Task brief: What you return must be the data below, word for word, without any images.

Input data:
■ ■ ■ ■ ■ ■ ■
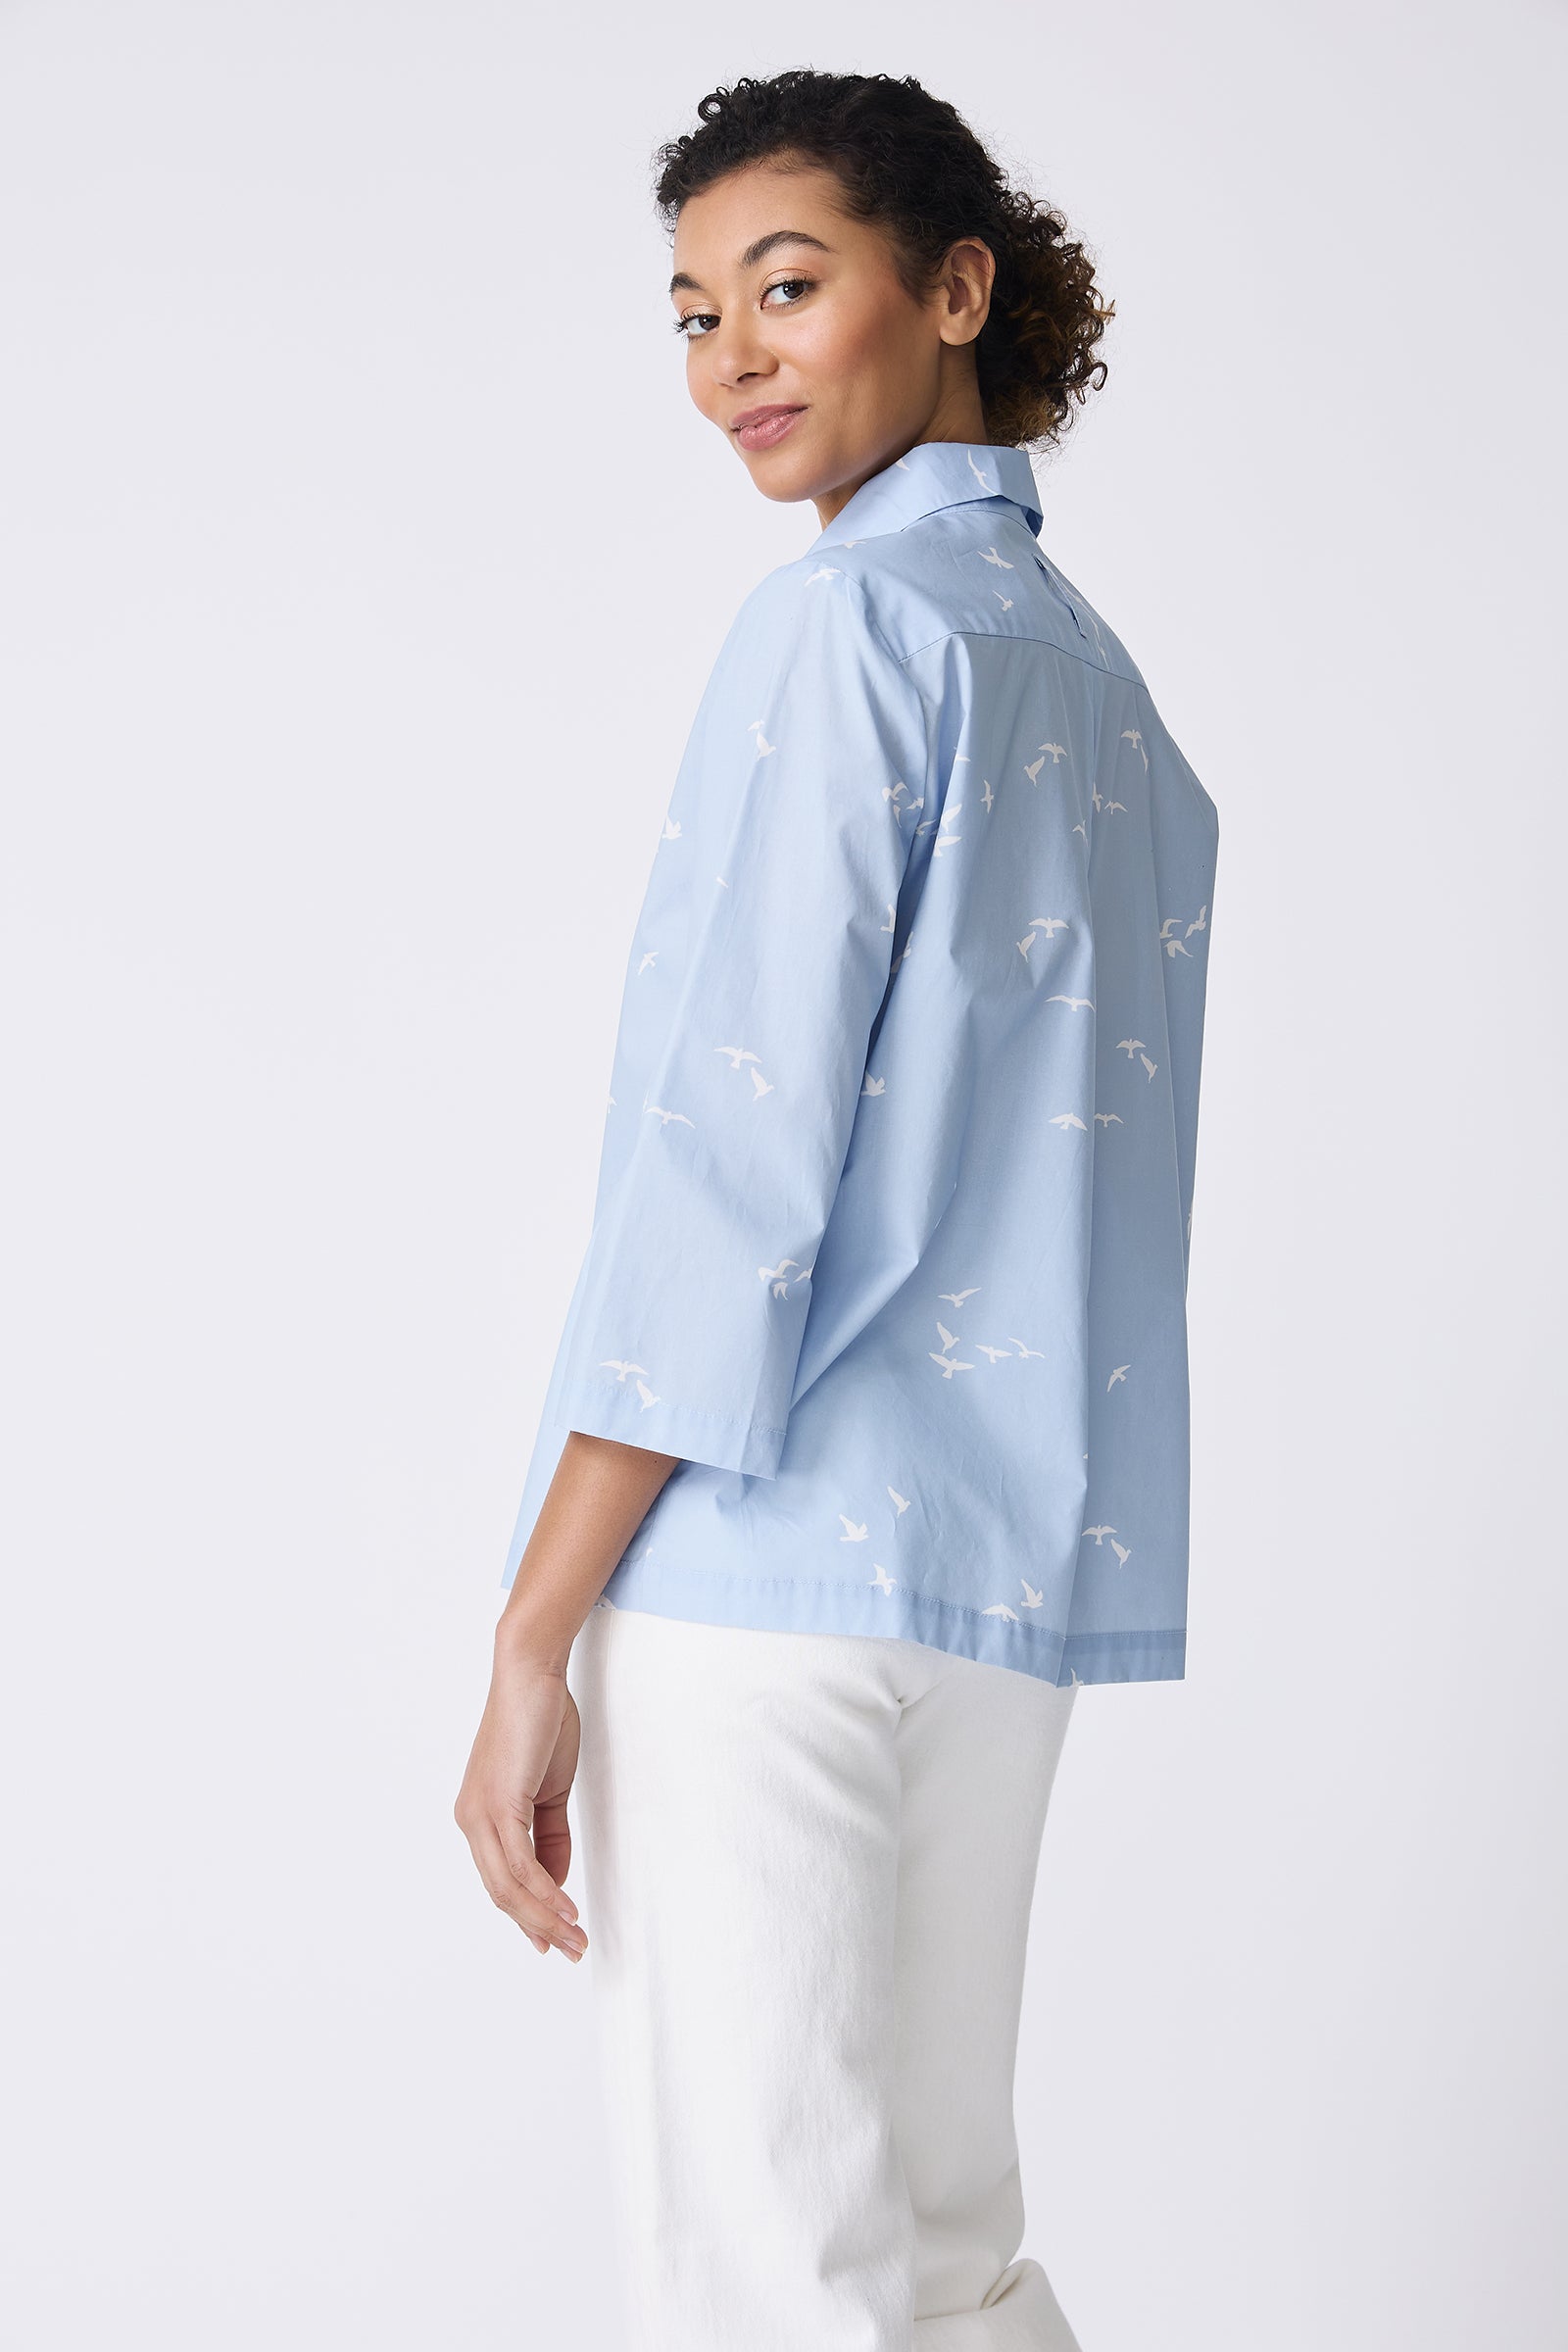 Kal Rieman 3/4 Sleeve Ginna Shirt in Oxford Blue Bird Print on model back view
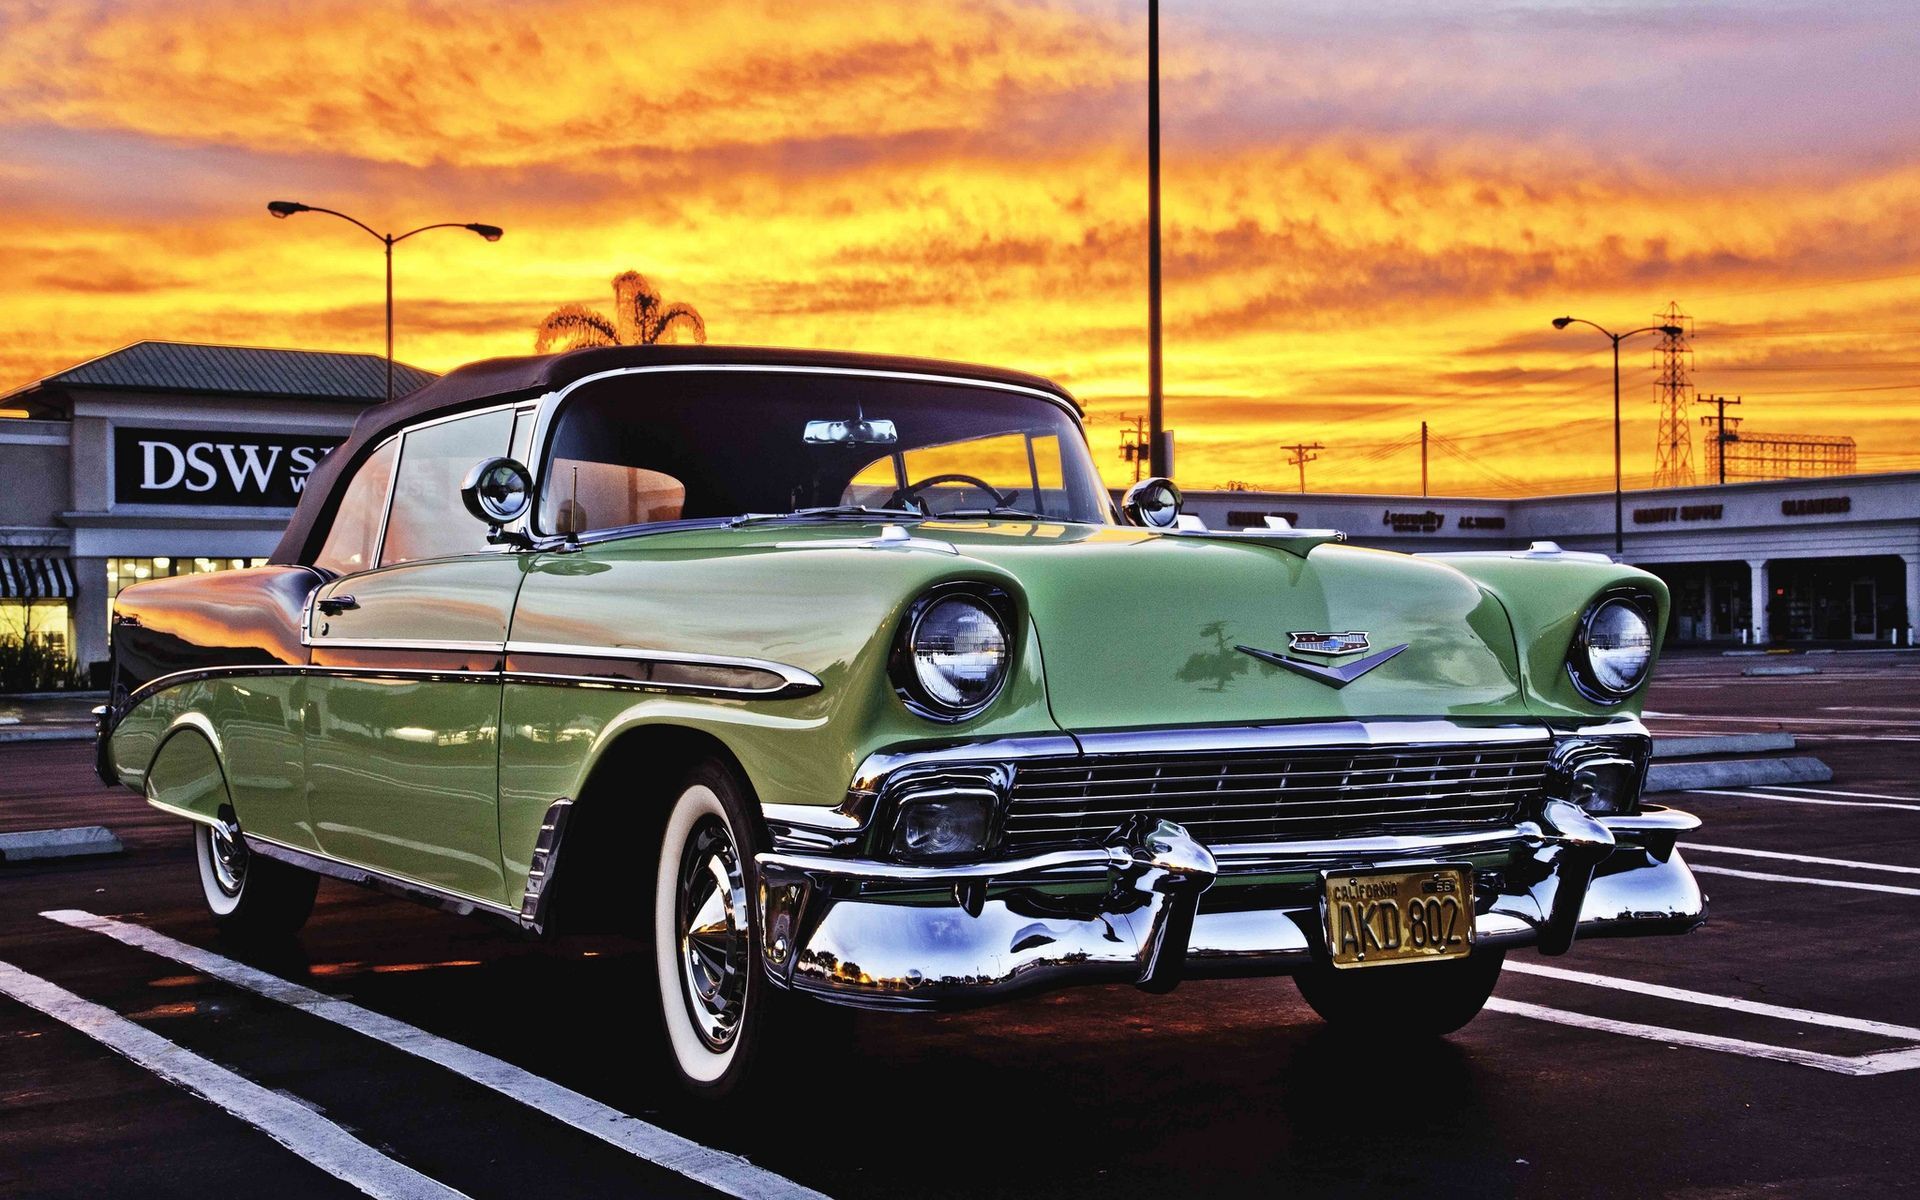 Classic Chevrolet Wallpaper Free #Gzt. Chevrolet wallpaper
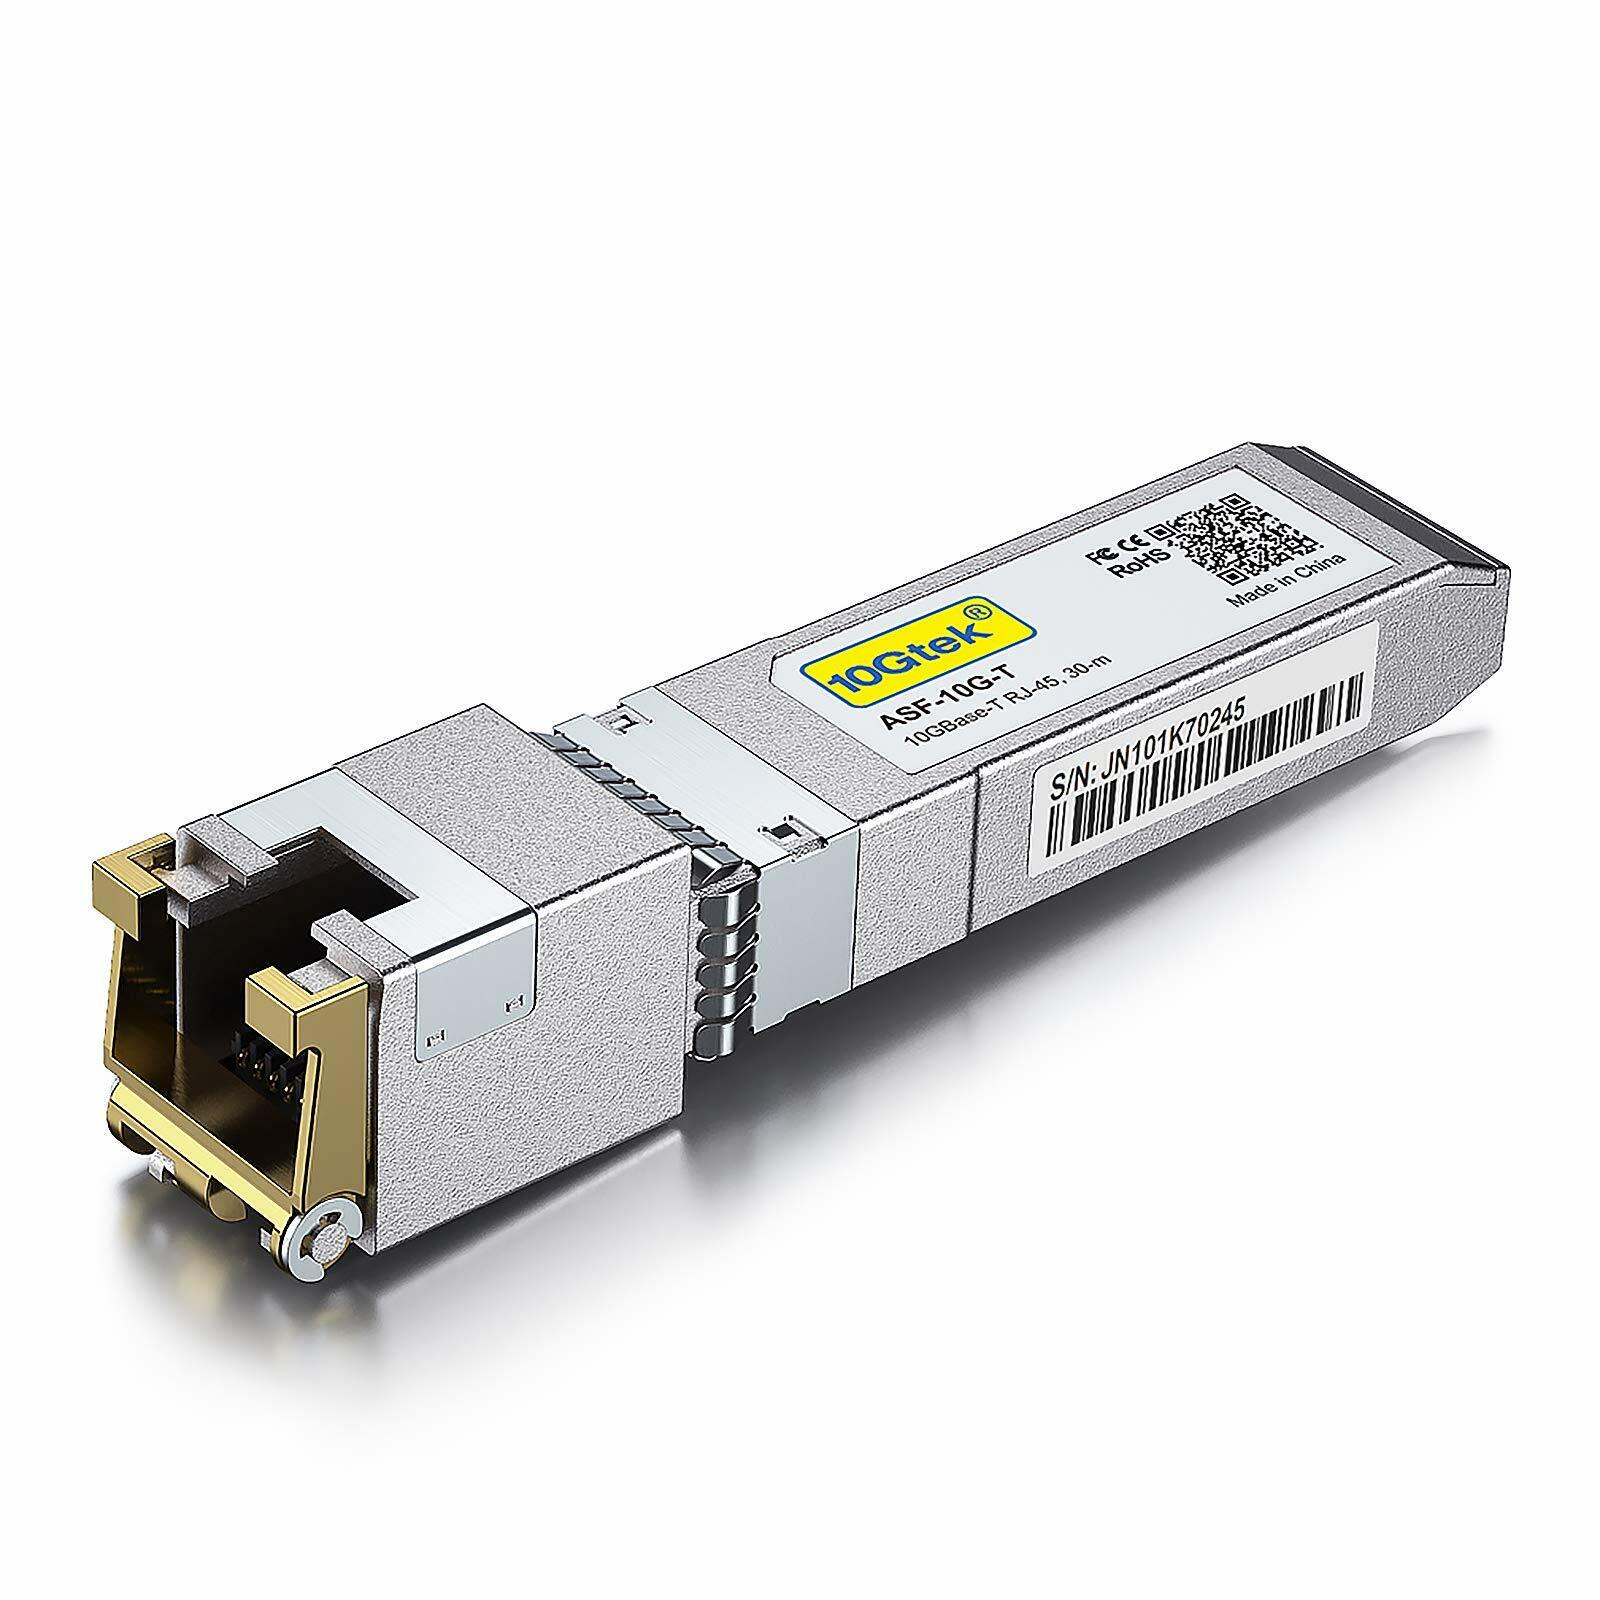 For Cisco SFP-10G-T, Ubiquiti UF-RJ45-10G Transceiver 10G SFP to RJ45 10Gbase-T
■ ■ ■ ■ ■ ■ ■
Written reply:
 Kal Rieman 3/4 Sleeve Ginna Shirt in Oxford Blue Bird Print on model back view
 Classic Chevrolet Wallpaper Free #Gzt. Chevrolet wallpaper
 For Cisco SFP-10G-T, Ubiquiti UF-RJ45-10G Transceiver 10G SFP to RJ45 10Gbase-T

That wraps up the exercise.